Гордеев Роберт Алексеевич
                http://www.proza.ru/2009/04/20/882 

       В июне из Уфы, «из эвакуации в эвакуацию» вернулась третья мамина сестра тётя Олёна с сыном Женькой и годовалой Ириной; Ирка родилась летом 41-го на пароходе «Башверхсовет» во время эвакуации в Касимов тоже из Ленинграда (они не задерживаясь вскоре уехали дальше - в Уфу к знакомым). Нас стало жить восемь человек всех возрастов в двадцатиметровой комнате. За ужином в первый же день я что-то брякнул про терем-теремок, и Дедусь с интересом посмотрел на меня.

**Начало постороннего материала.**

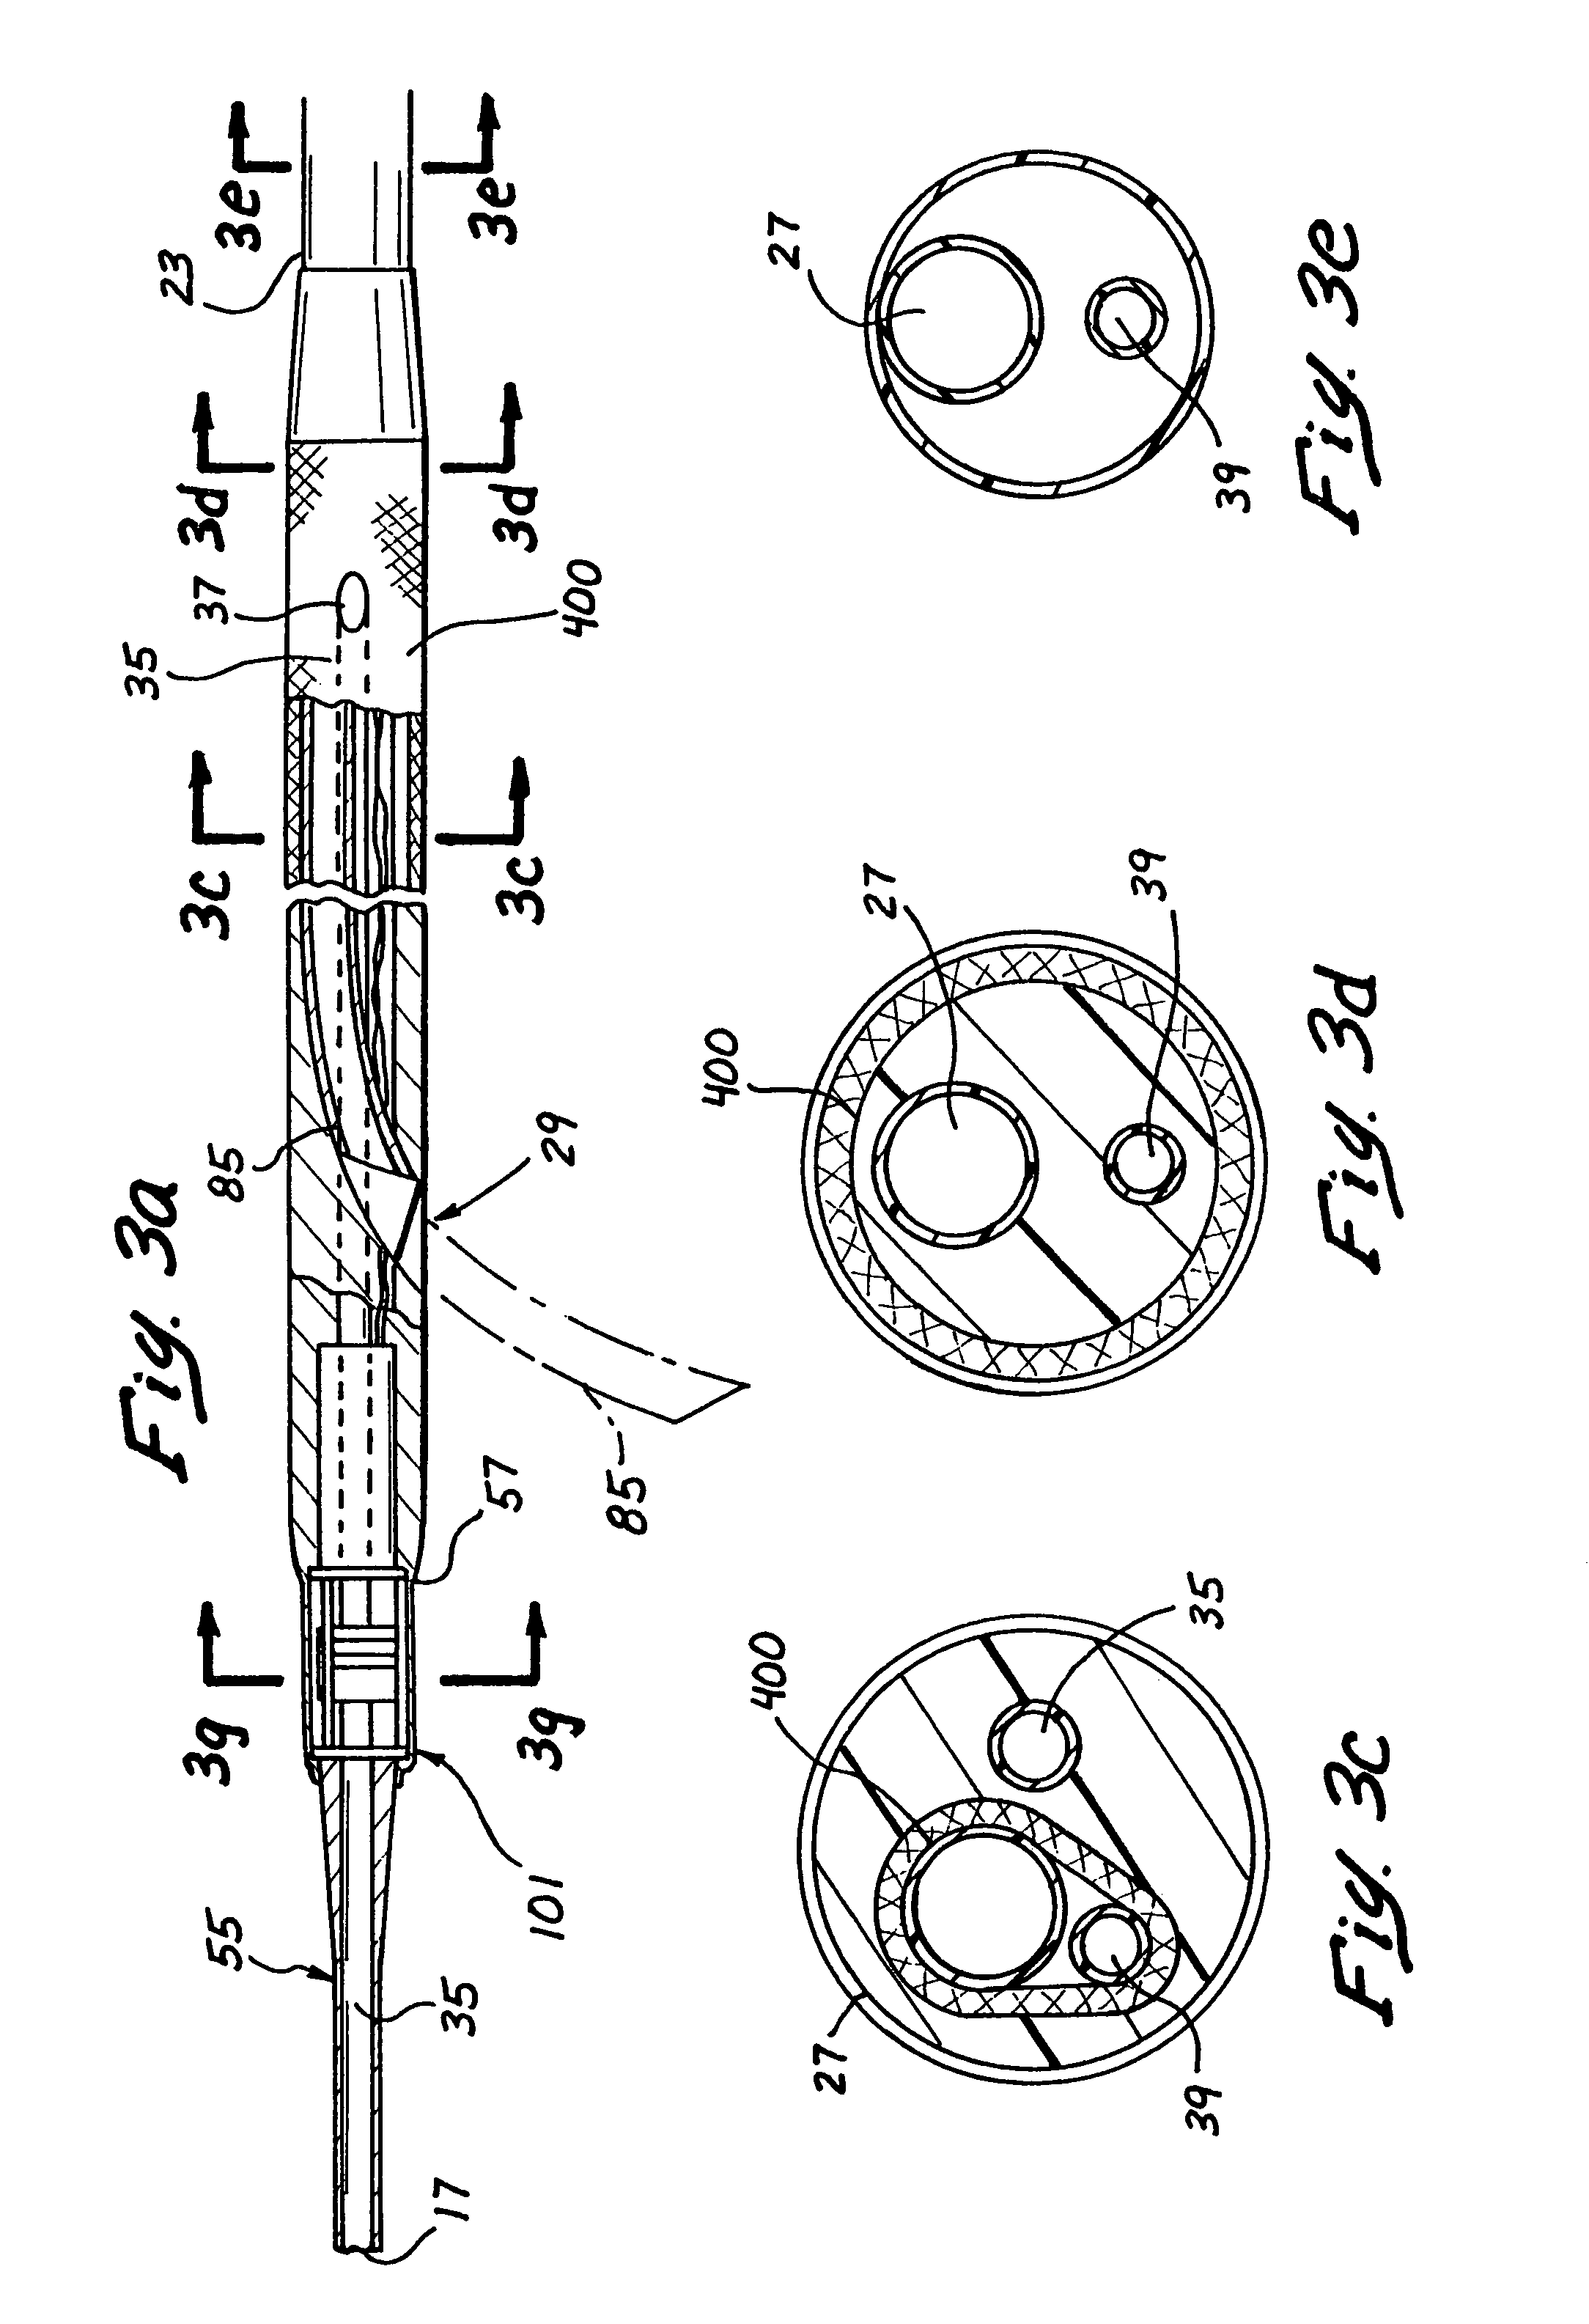 Tissue penetrating catheters having integral imaging transducers and their methods of use

       Было непонятно, почему тётя Олёна с детьми вернулась именно в июне 42-го: немцы опять наступали. На юге, и ходили слухи, что скоро они опять пойдут на Москву и Рязань, а от них до Касимова не так уж и далеко... Шестого июля был оставлен Севастополь, и все очень переживали.
       Через день, когда я играл с Лилькой на половине Клименок, в комнату с Иркой на руках зашла тётя Олёна. В это время по радио хор исполнял:
                «...прощай, любимый город,
                уходим завтра в море,
                и ранней порой»...
      Неожижанно Олёна громко-громко заплакала, зарыдала. Вголос! Оказывается, ей показалось, что песня написана специально, как прощание с Севастополем; случайно вошедшие вслед за ней мама с тётей Ларой сразу же присоединились к рыданиям, их немедленно поддержали все – и Анка, и Лилька, и маленький Колька... Даже я тоже решил не уклоняться от коллективного плача, хотя, честно признаться, только за компанию: неделю назад я раза два уже слышал эту песню и понимал, что весь этот коллективный плач выглядит несколько странно.

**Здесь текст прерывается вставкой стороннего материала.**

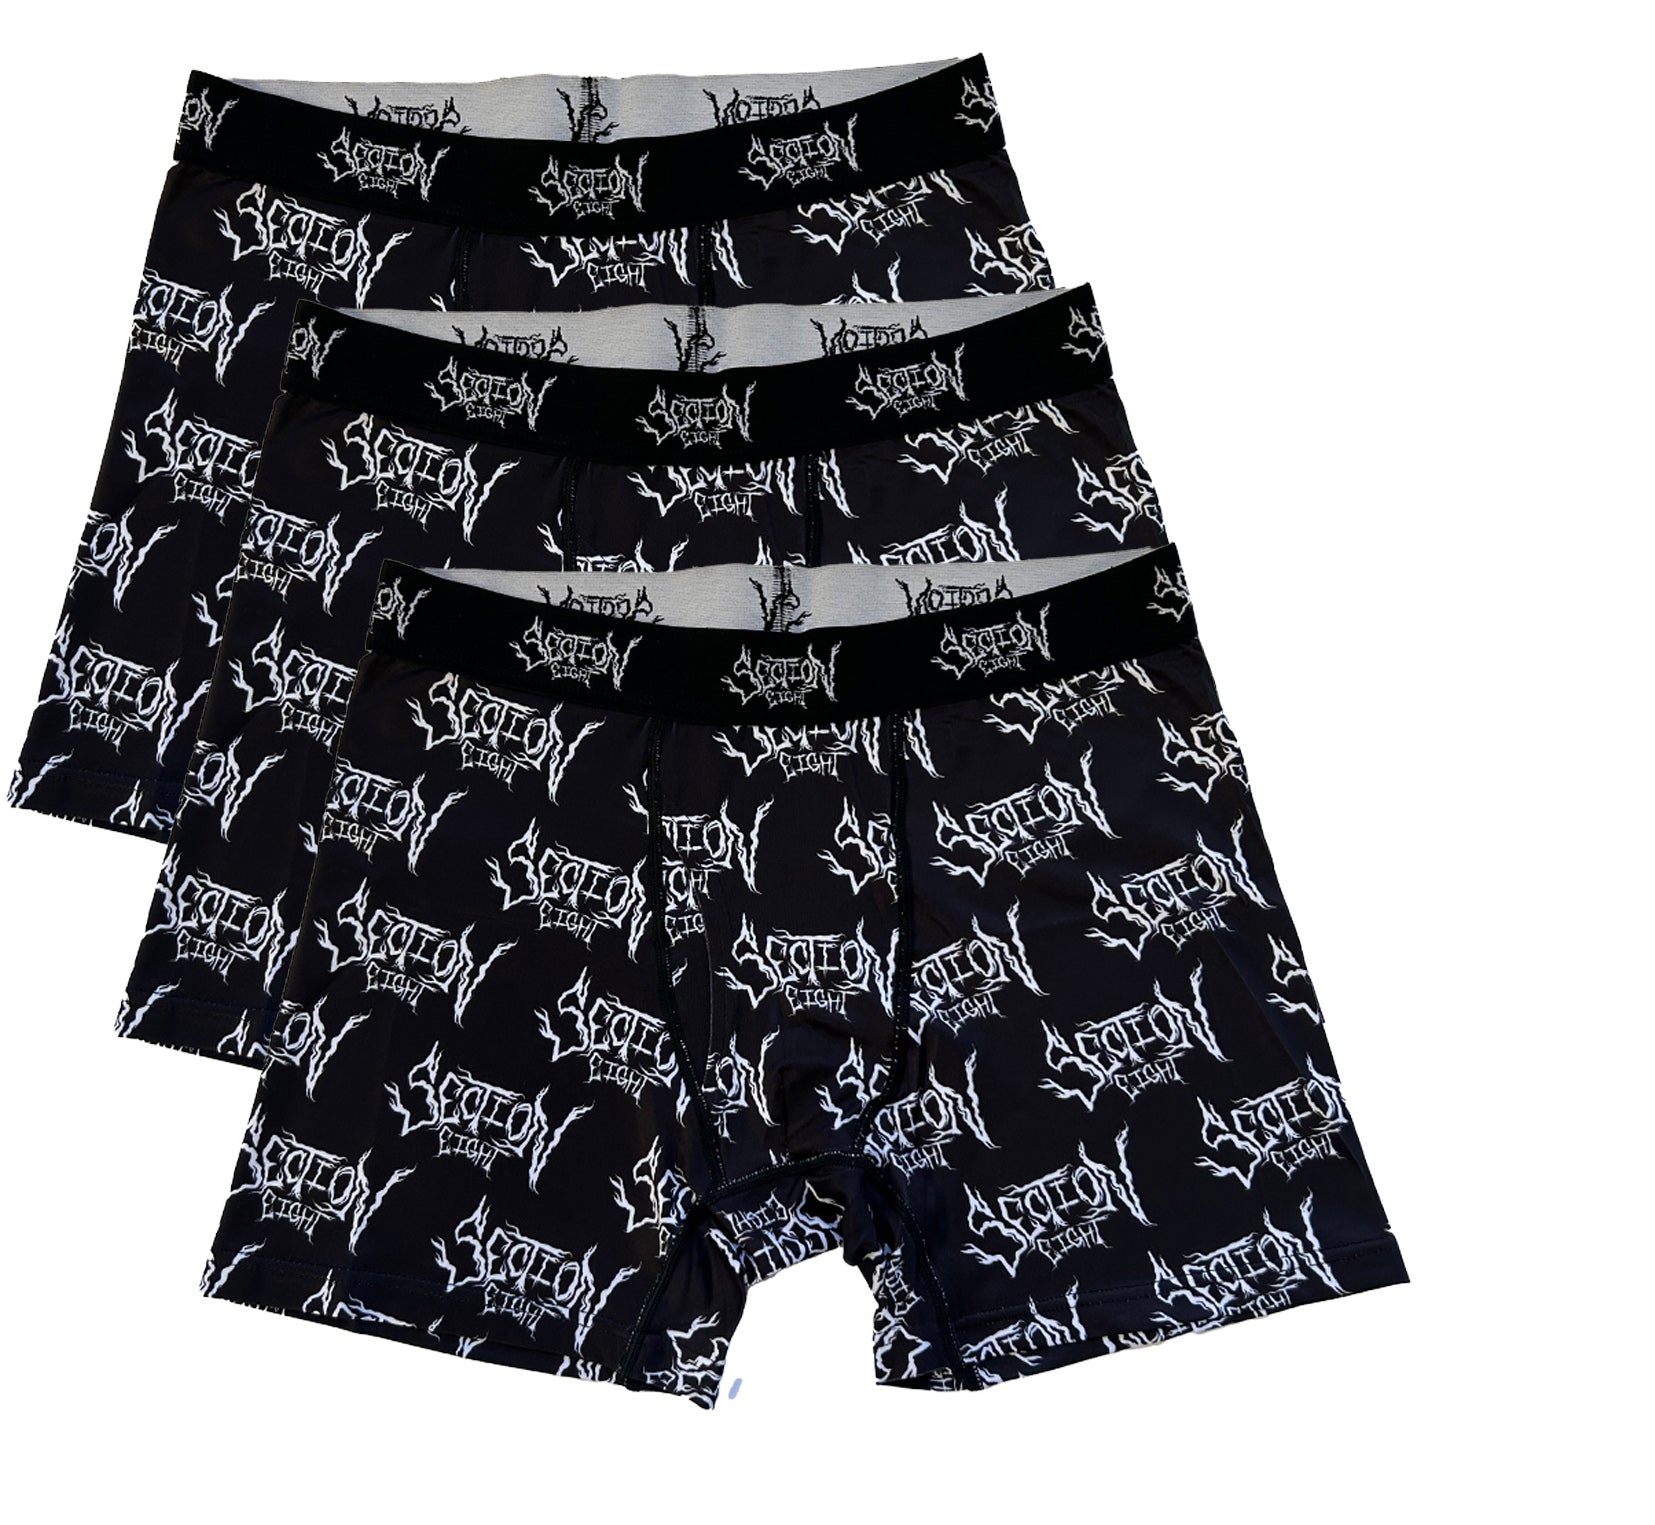 Section Eight (All OVER Boxers)

       В городе было введено затемнение, дважды  объявлялась воздушная тревога. Настоящих налётов не было, но всё, как бы куда-то покатилось, было непонятно, что происходит - так резко всё менялось. Дядиколин техникум был выселен из своих помещений, а в техникумском дворе  свалены самые разные железные кровати для будущего госпиталя. Мы, дети, жившие рядом, помогали чем могли: суетились, бестолково бегали, что-то таскали: в основном, мешали.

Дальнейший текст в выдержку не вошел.